The story parallels two couples living as neighbors in a New England town. Meri and Nathan are in their 30s, newlywed. Delia and Tom are in their 70s, he a former well-known U.S. Senator. Set in the early `90s, this story also parallels the Clinton presidency in several ways. Tom--a charismatic, liberal, womanizing politician whose wife never divorced him despite repeated humiliations--suffers a terrible setback in 1994. Delia, the senator's wife, is a strong character in her own right. She has lived separately from Tom for many years and has an independent life, but is still his lover and friend. She chooses to help him after his setback. Meri is the Monica Lewinsky character. In Meri's case, her background is one of poverty and maternal neglect. Thus damaged, she occasionally steals, often lies, and has thoroughly snooped through Delia's private papers. She has few, if any, inner resources and seems only able to define herself through male sexual desire; she only feels whole in the gaze of male attention. She is also portrayed as a bright, educated journalist who is married to Nathan, a more attractive, "patrician" and honest person than she. I found her character implausible, unsympathetic and annoying. Ultimately Meri plays a sexual "game" with Tom as they both indulge a need to feed their desperate egos through sexual dalliance. Meri lies about her role and suffers no consequences to her family although others are hurt.

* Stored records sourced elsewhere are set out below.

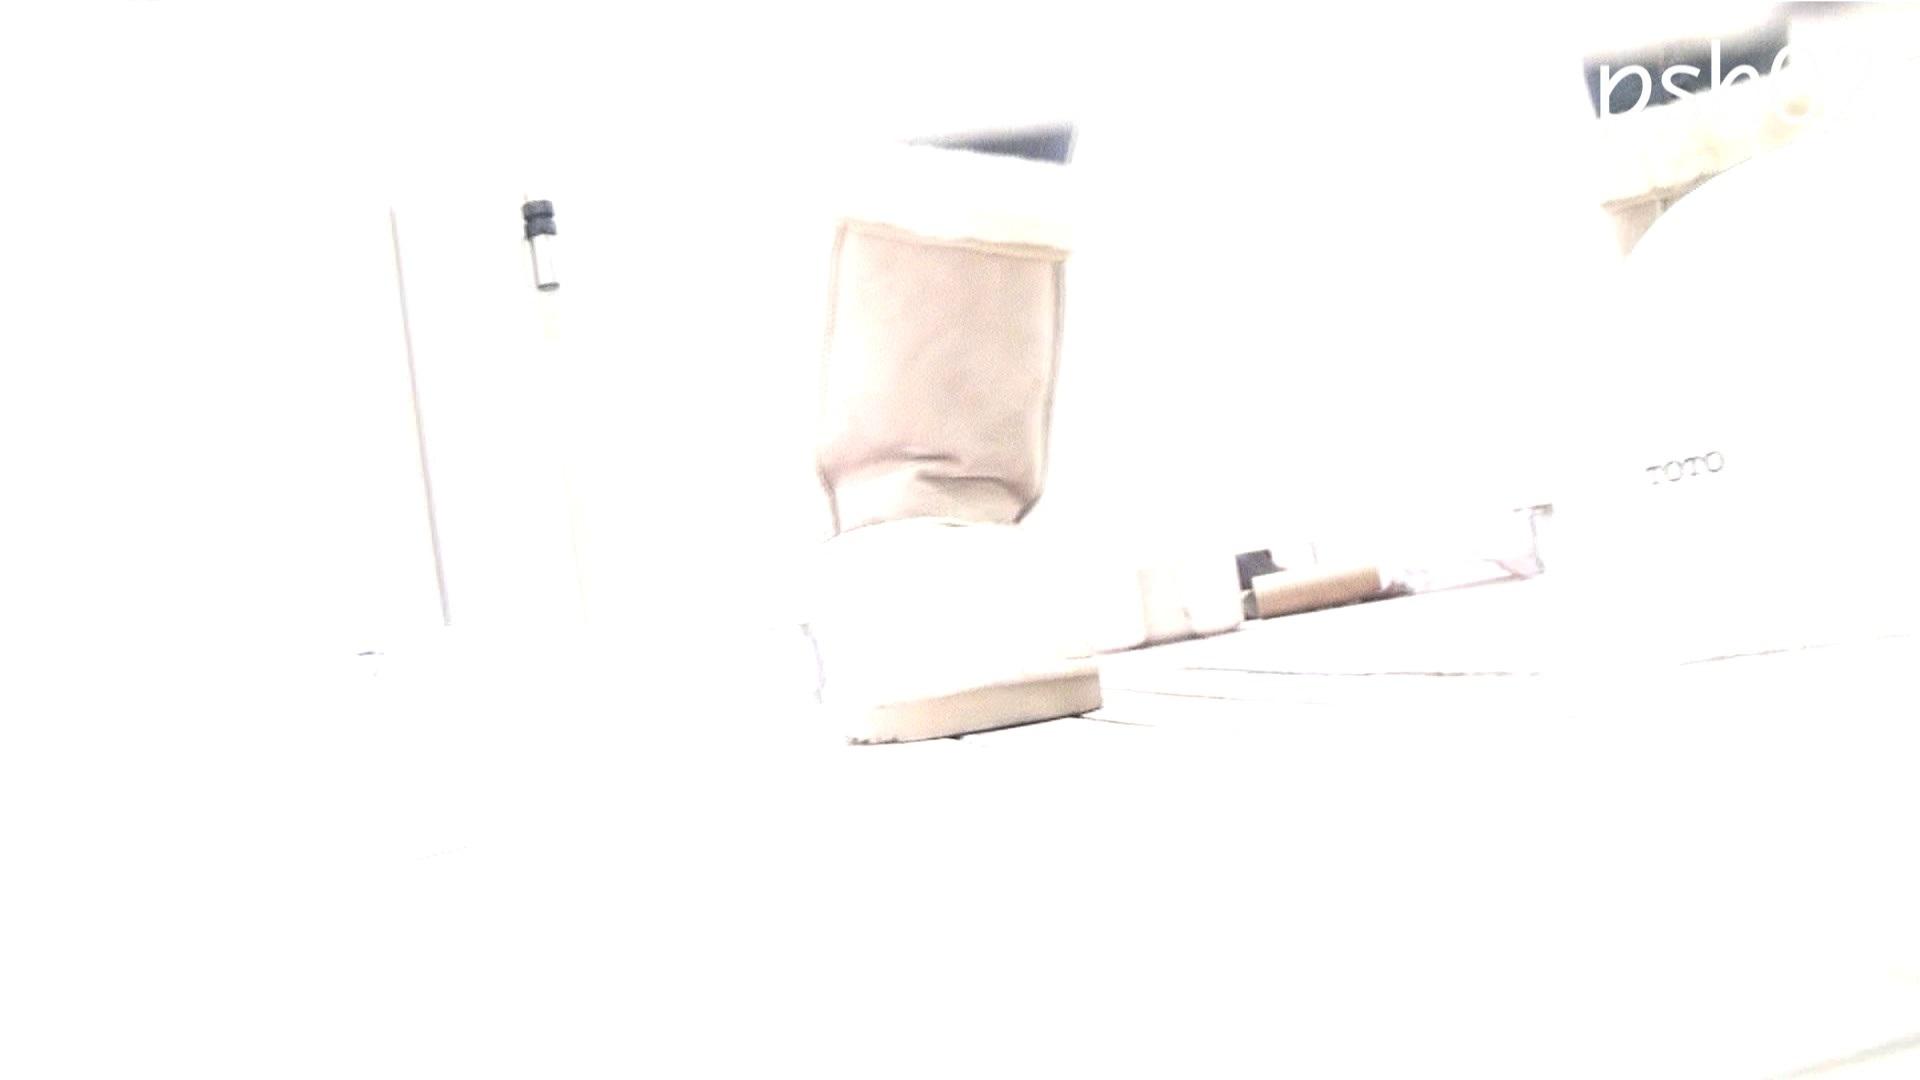 ▲復活限定▲ハイビジョン 盗神伝 Vol.2 盛合せ オメコ無修正動画無料 77枚 60
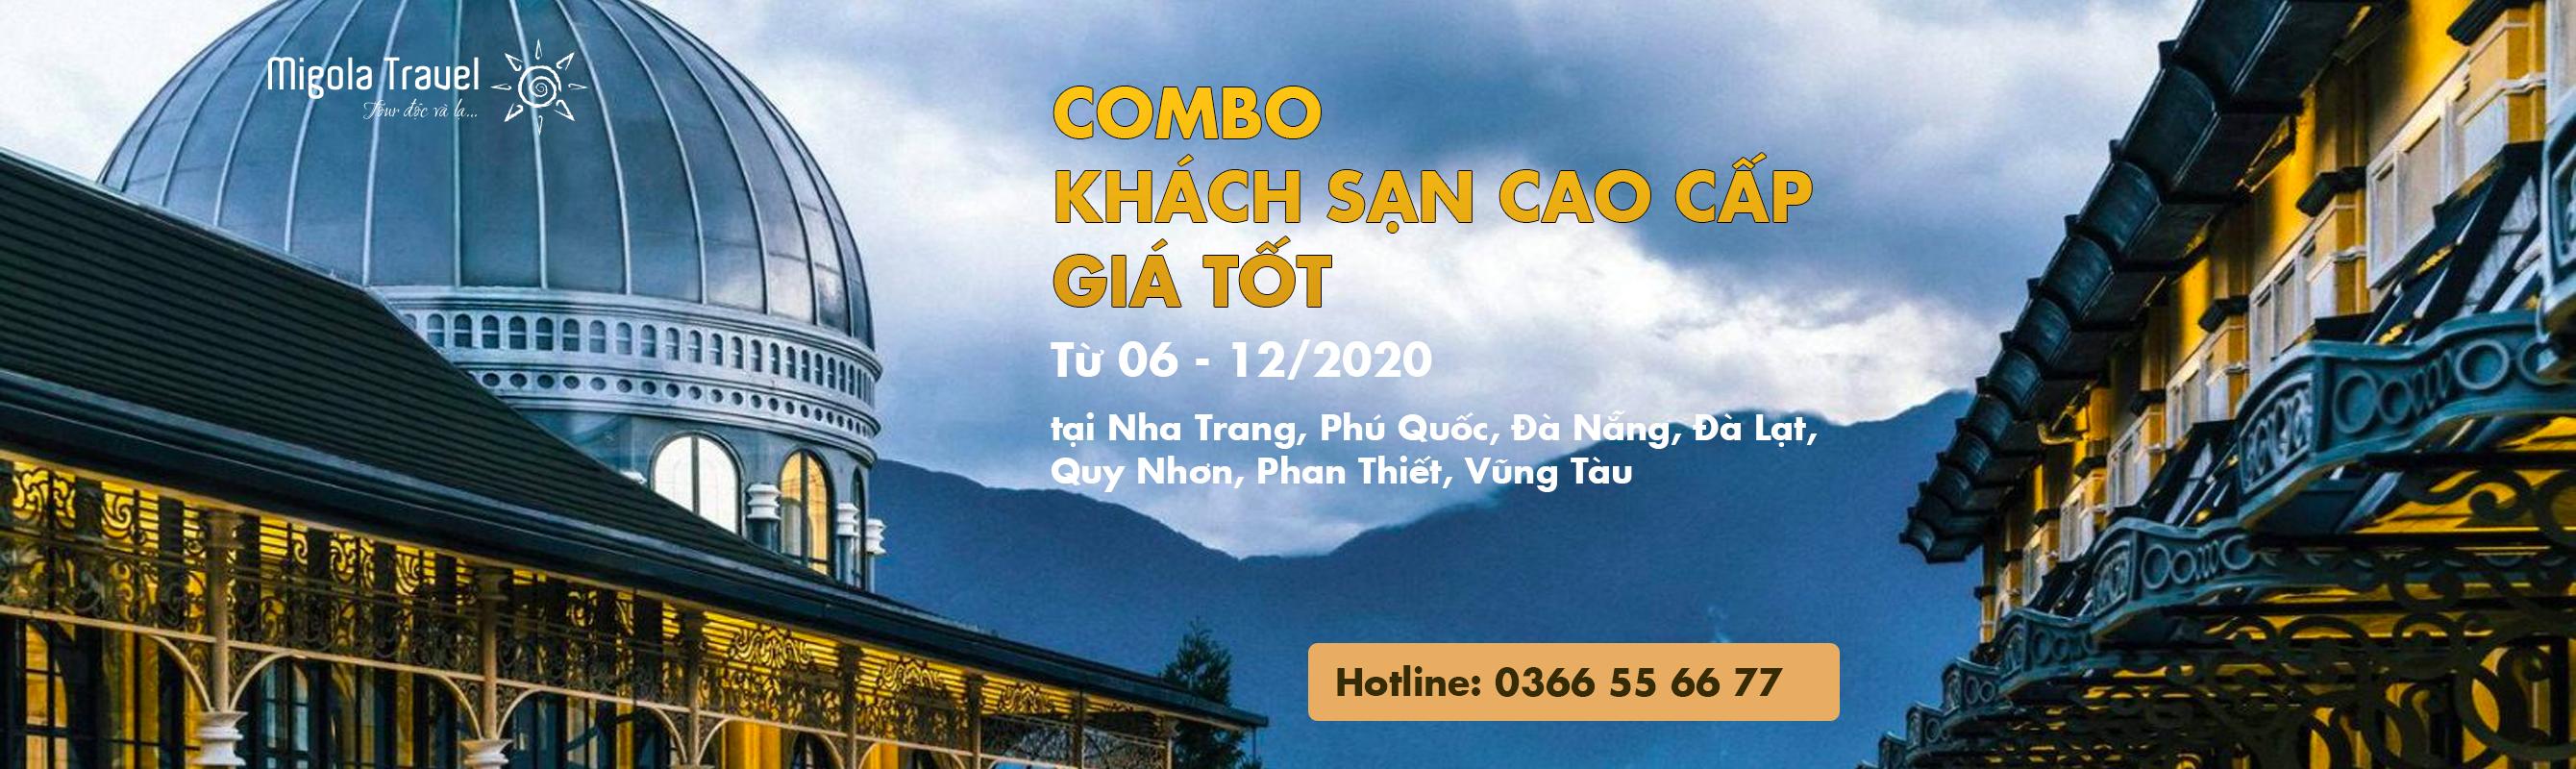 COMBO khach san
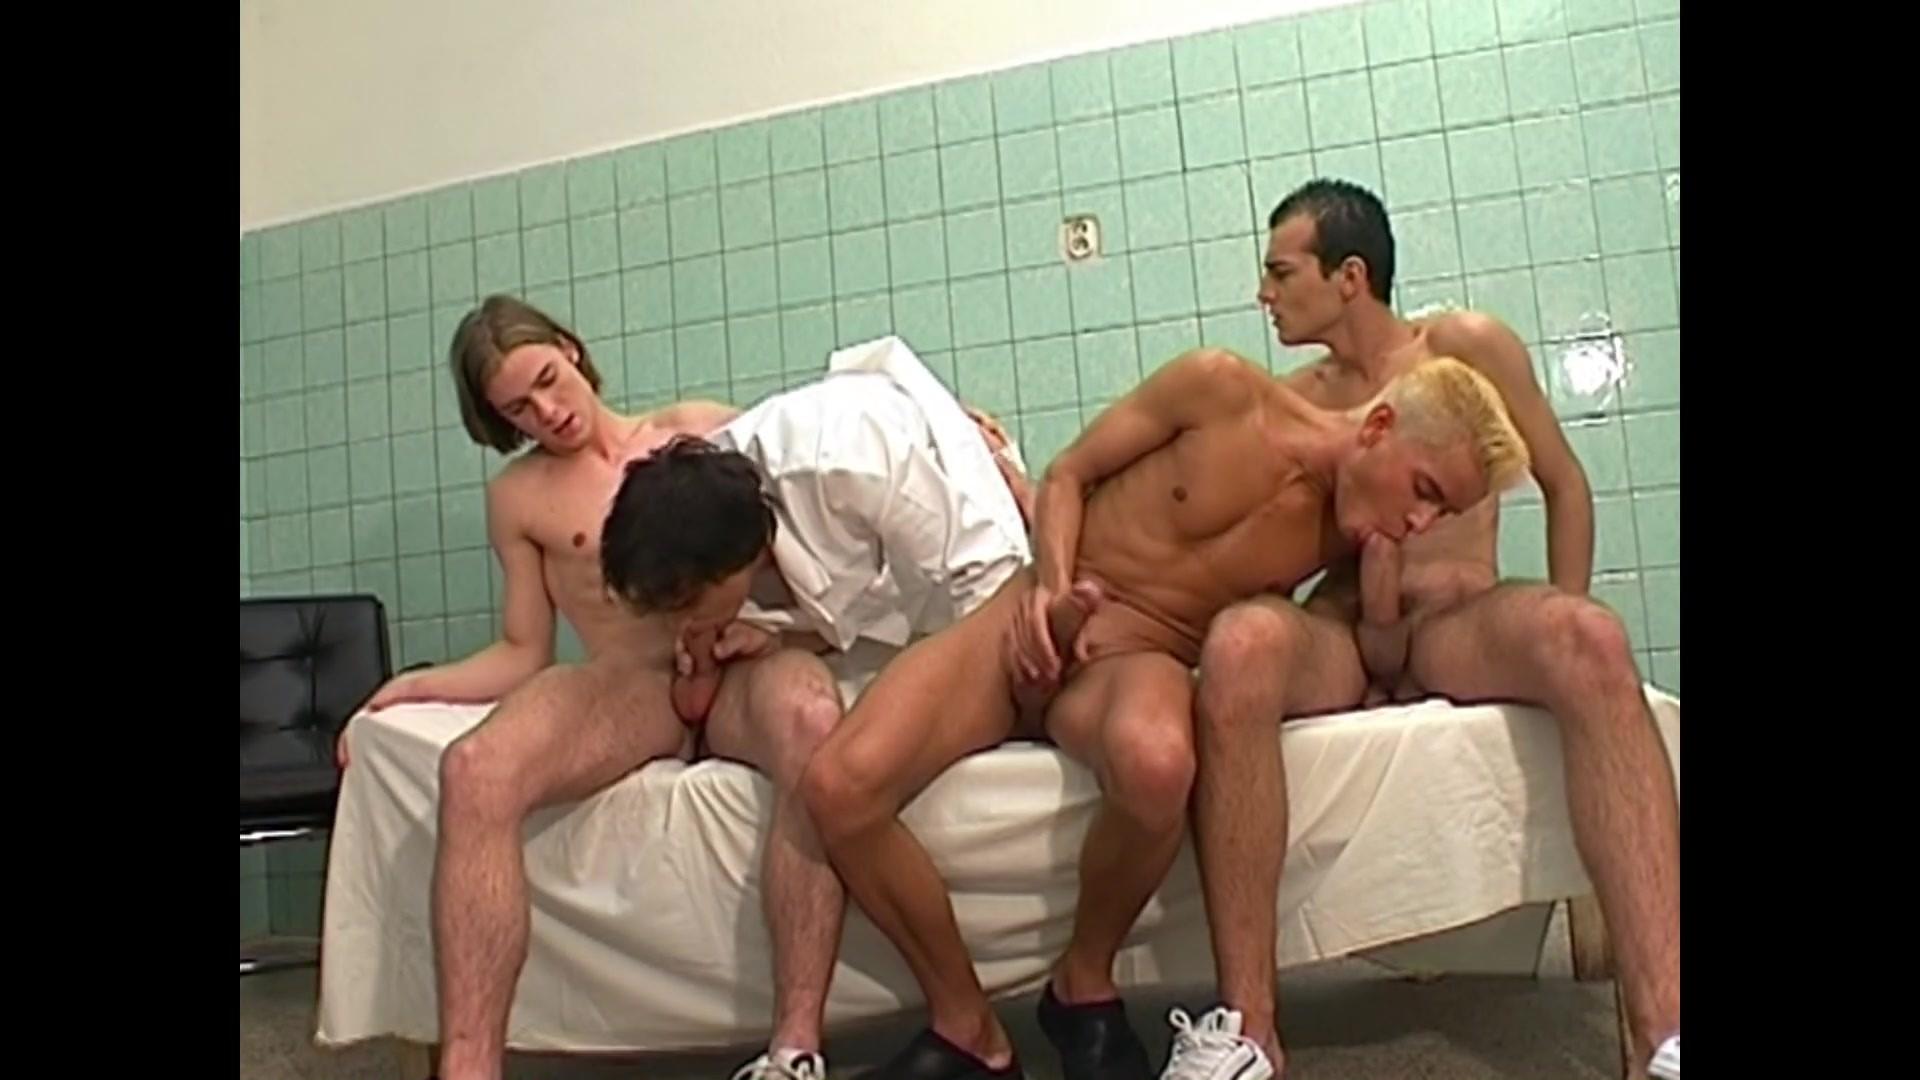 Marek, Vavrinec, Jakub and Beda
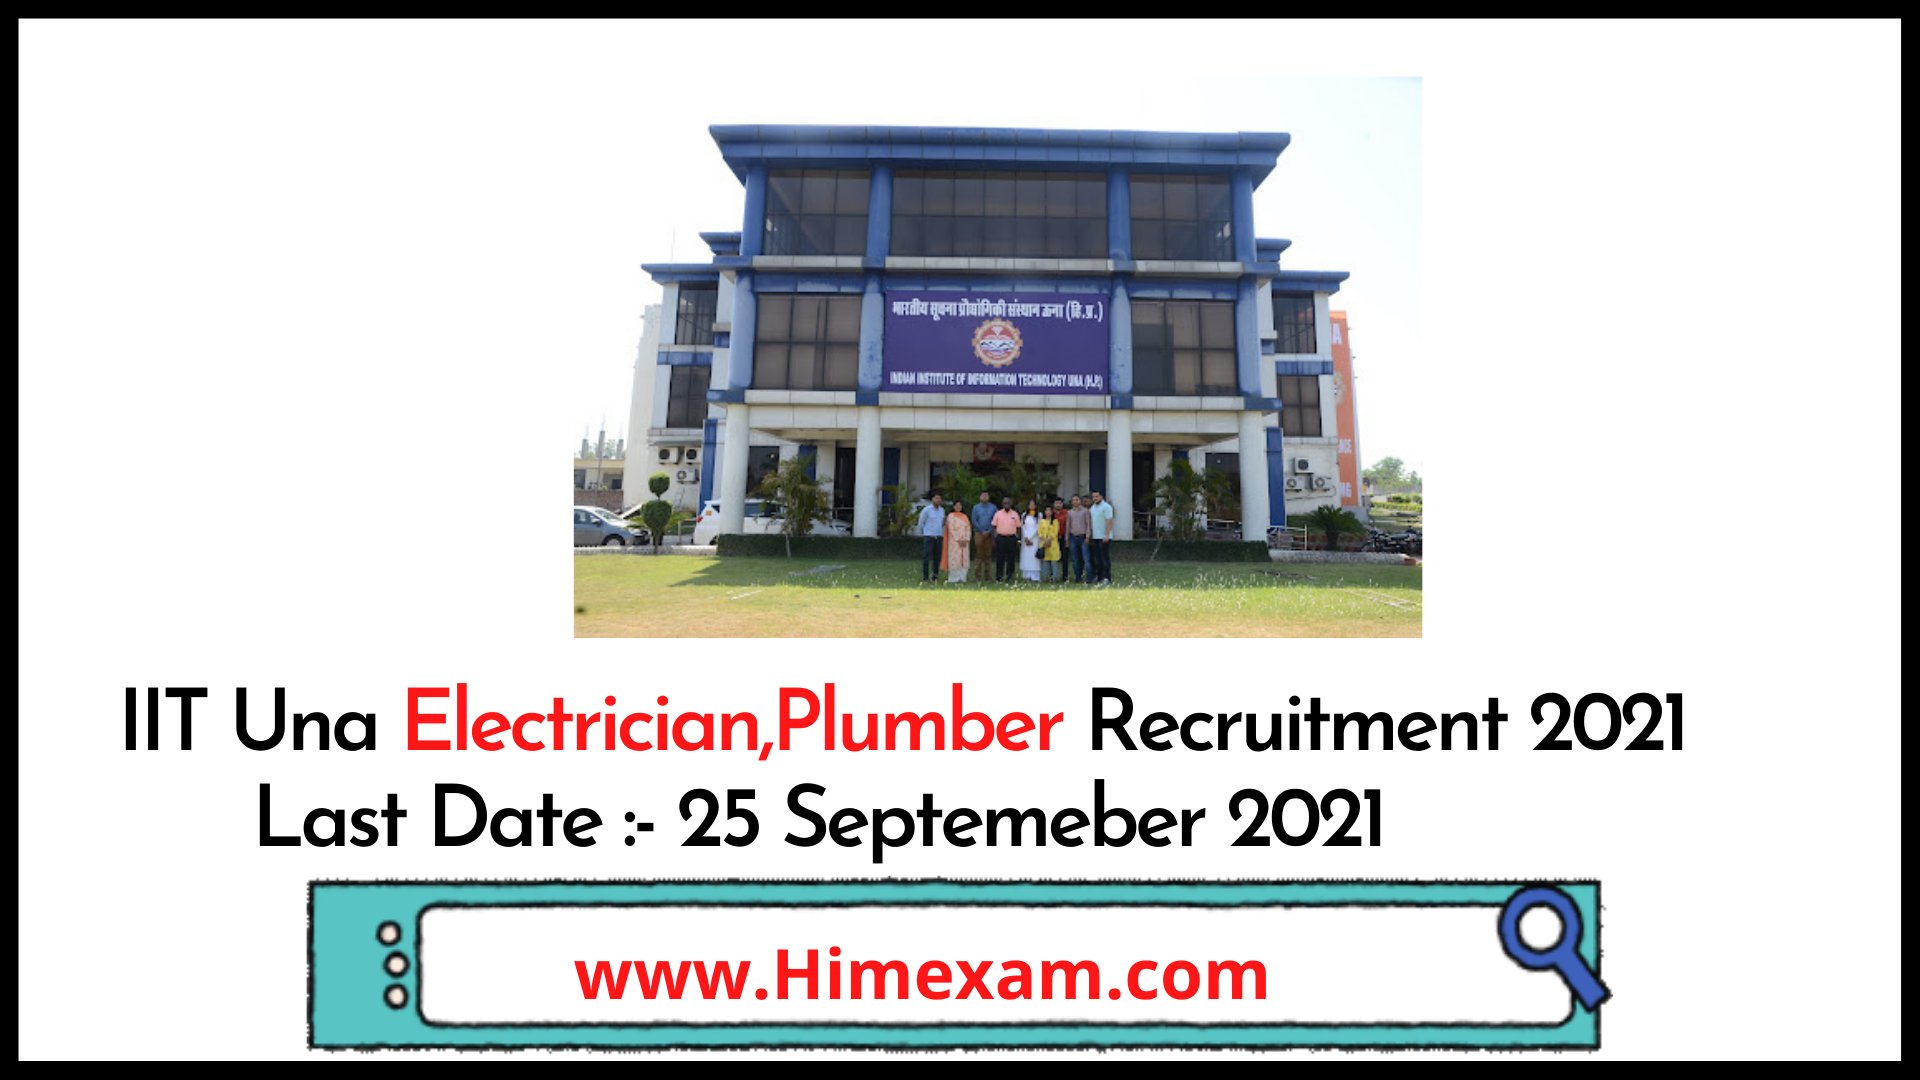 IIIT Una Electrician,Plumber Recruitment 2021
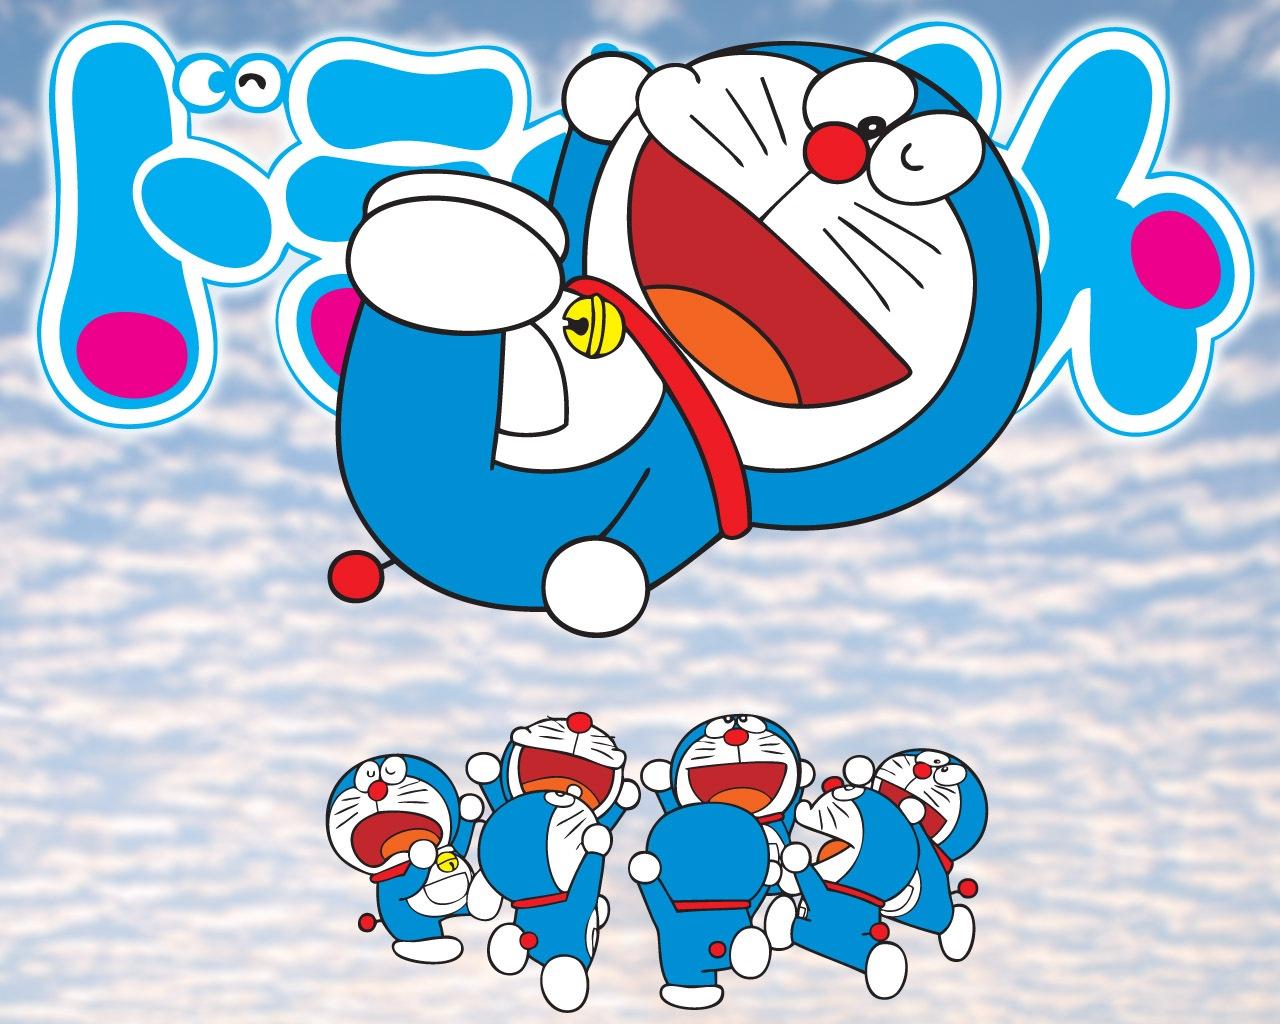 Kopi Hangat Gambar Kartun Doraemon Nobita Teman Temannya Robot Lucu

The problem with all this is that it appears Miller wants us to exonerate Meri and to agree with her delusion that, really, what she did was "out of love". And that Delia, who "prides herself" on being forgiving, is actually an unforgiving person because she only wants to live with Tom if he cannot be his old self--that Delia is emasculating Tom by wanting fidelity in return for her care and commitment. In other words, the story's moral ambiguity slips into negative judgment of the honorable Delia and exoneration of the damaged Meri and reprobate Tom who help each other restore their flagging self-esteem through sexual games. It's as if an alcoholic who had a history of DUIs, and had even maimed a pedestrian or two, was feeling depressed not drinking, so another alcoholic who also needed a lift brought a bottle of scotch to him for the two of them to drink. They felt restored and lively as they drank, though some people got hurt, but opening that bottle of scotch was an act of love, we are expected to believe.
If The Senator's Wife is supposed to be a defense of Monica Lewinsky or Meri, I don't believe it works. In addition, there were some errors and unpolished, mundane prose in this book which would not usually occur in a work by someone of Miller's stature. The text seemed to need another run-through, but perhaps it was rushed to publication in order to coincide with Hillary Clinton's presidential campaign.